Using the material below, print a verbatim copy of every line from the one containing "Levi’s 505 Denim" through the one containing "Kunming Internation Flowers Expo", inclusive, and omit the pictures.

Entries shown:
*** Begin section ***

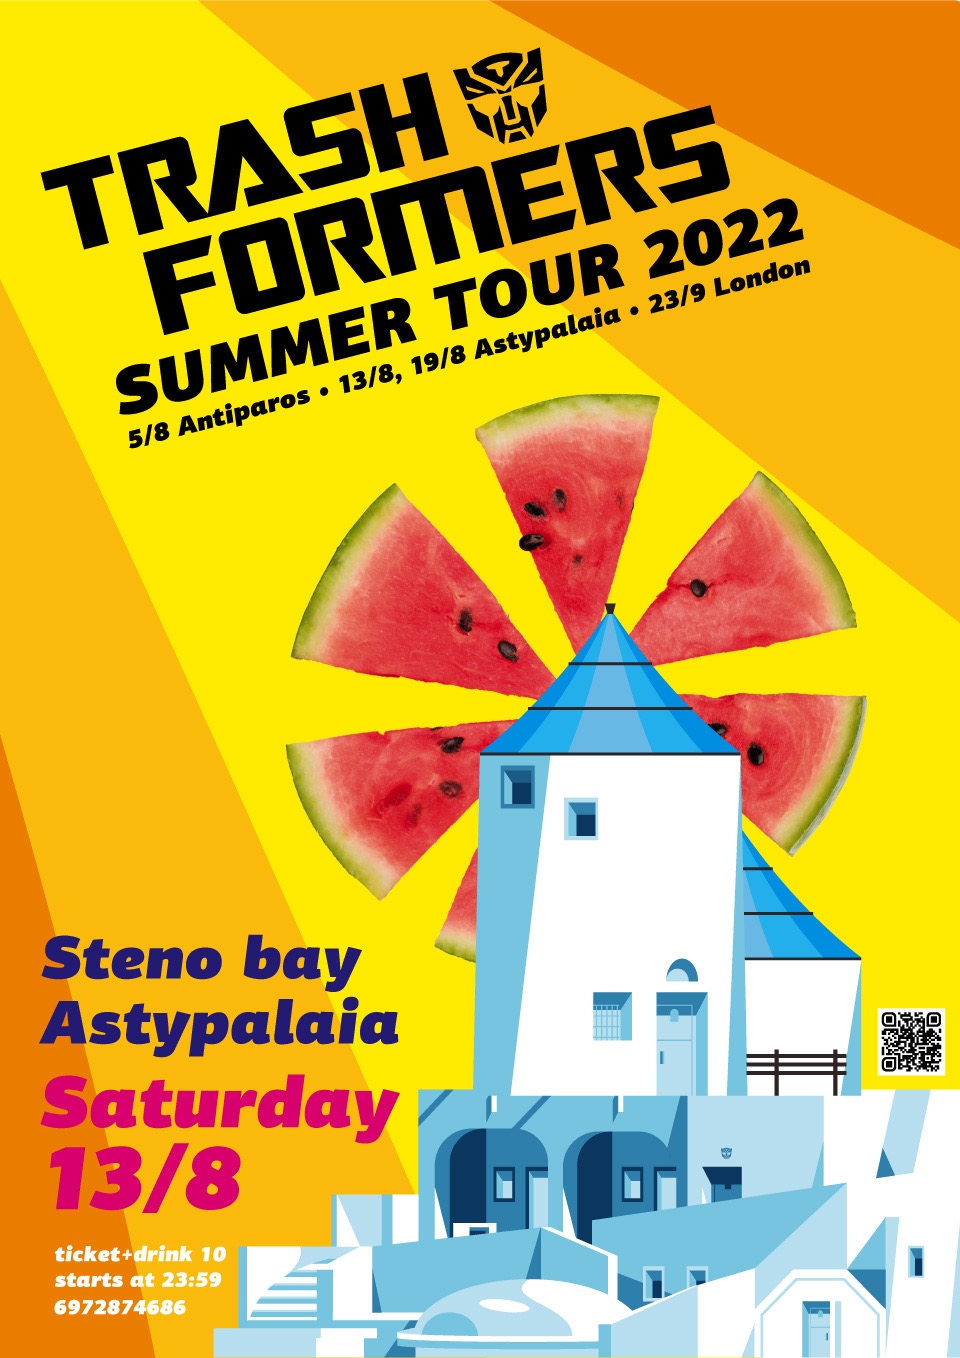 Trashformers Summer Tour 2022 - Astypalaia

*** End section ***
*** Begin section ***

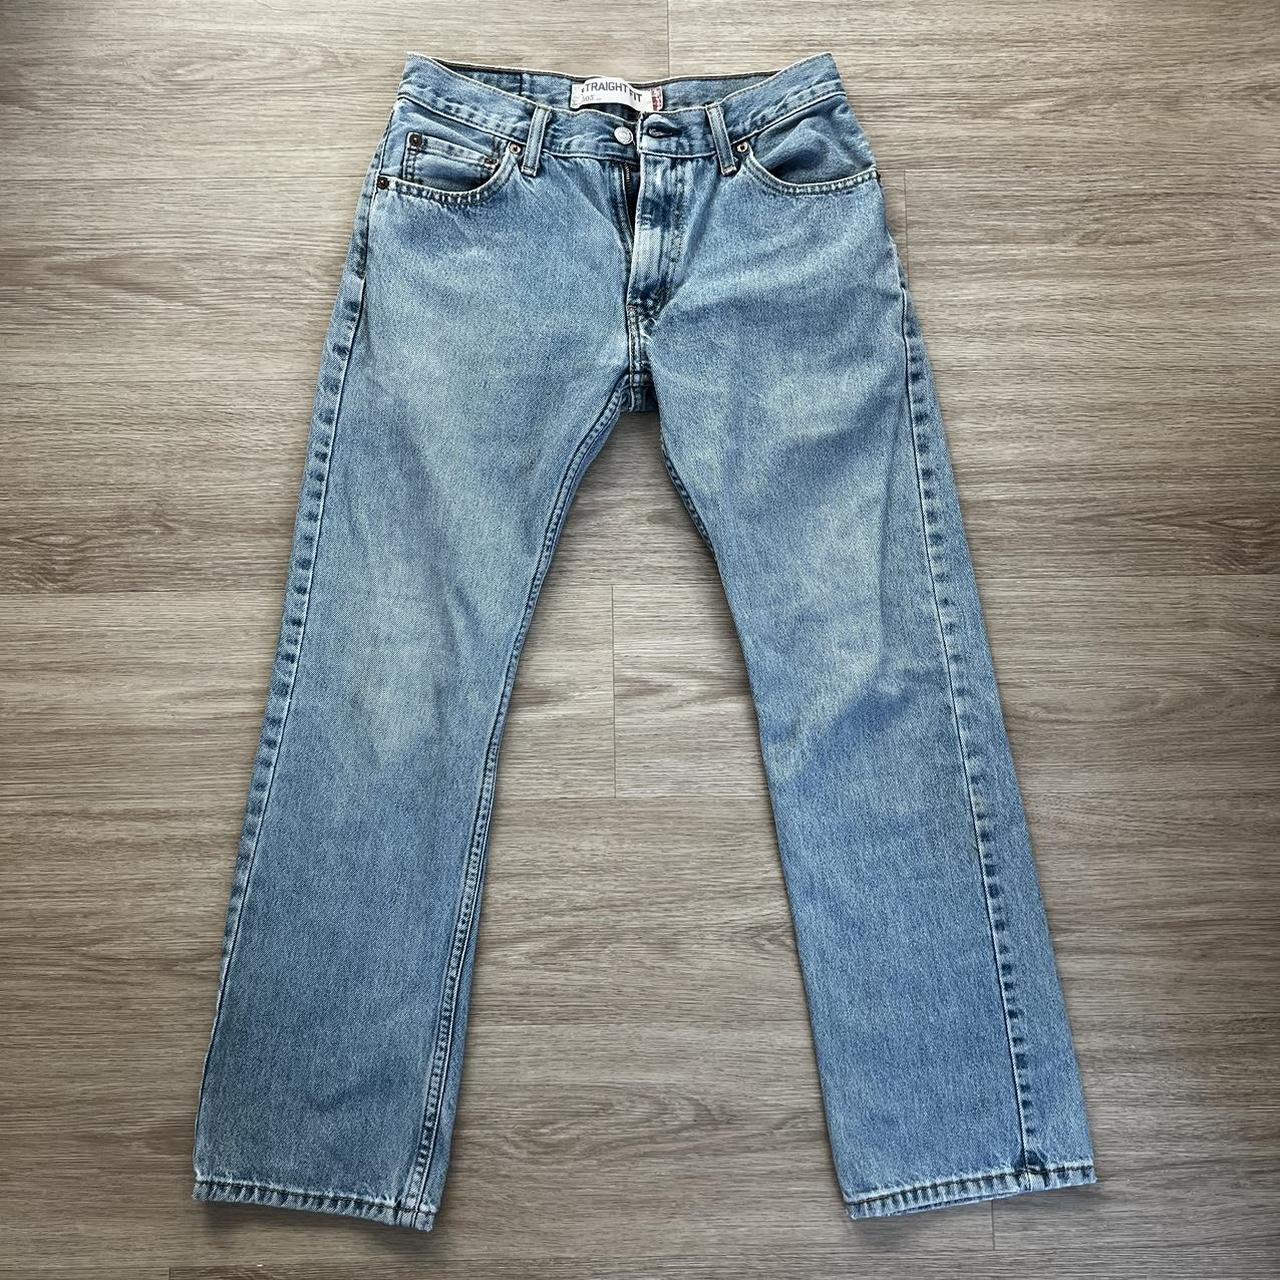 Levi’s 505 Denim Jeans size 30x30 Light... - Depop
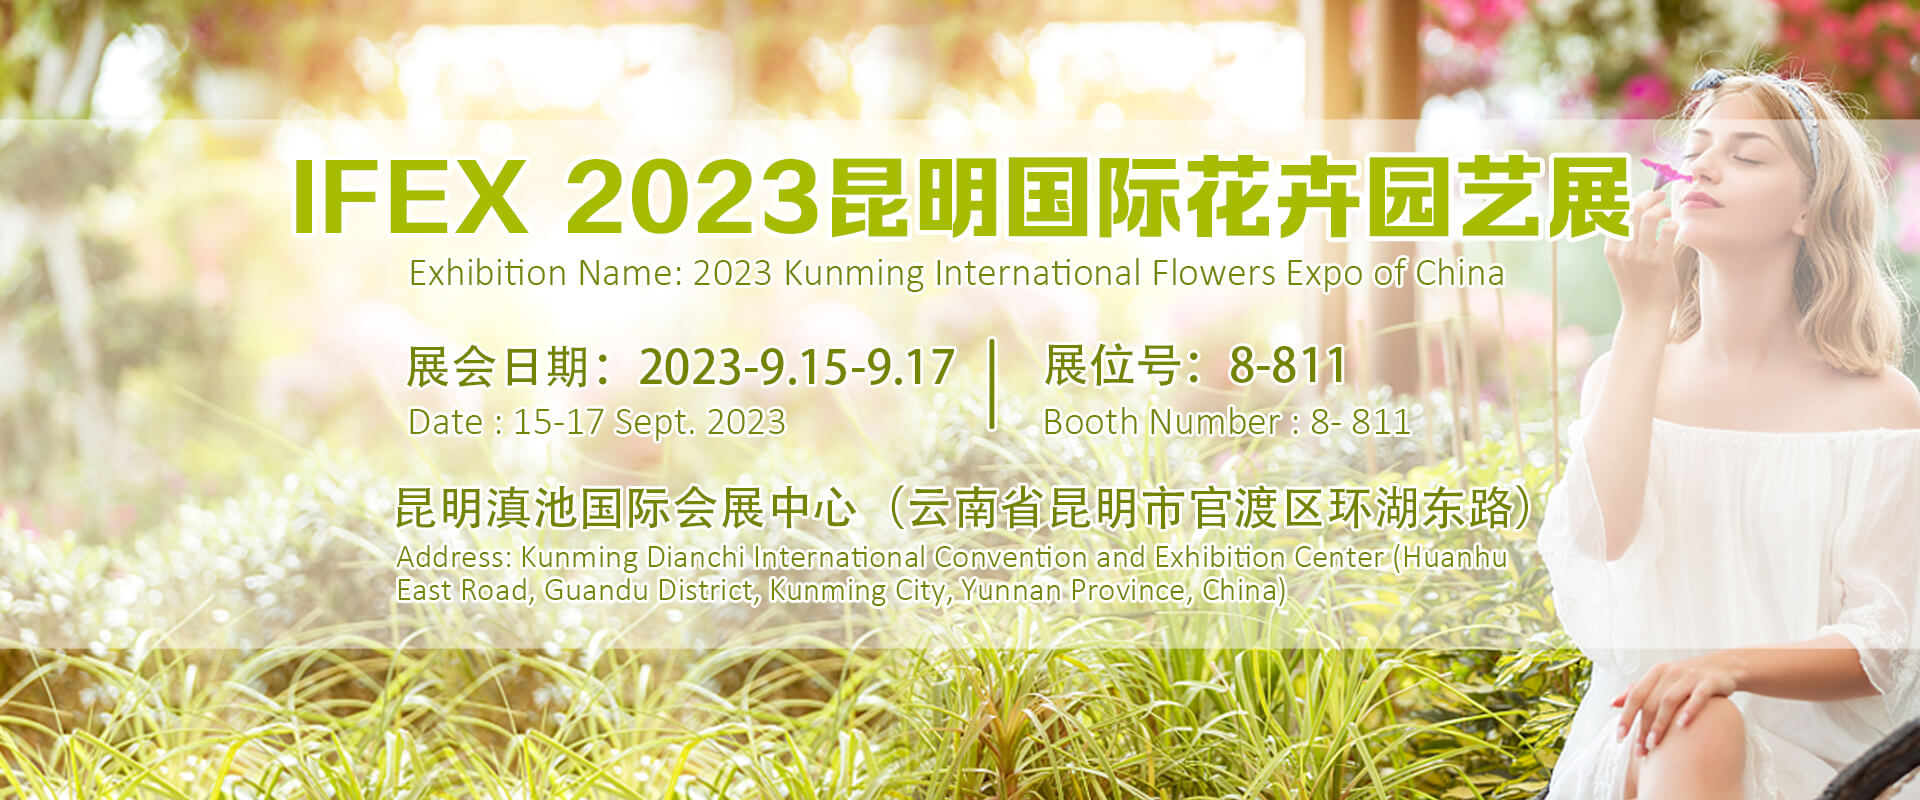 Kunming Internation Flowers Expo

*** End section ***

Exercise response:
 Levi’s 505 Denim Jeans size 30x30 Light... - Depop
 Kunming Internation Flowers Expo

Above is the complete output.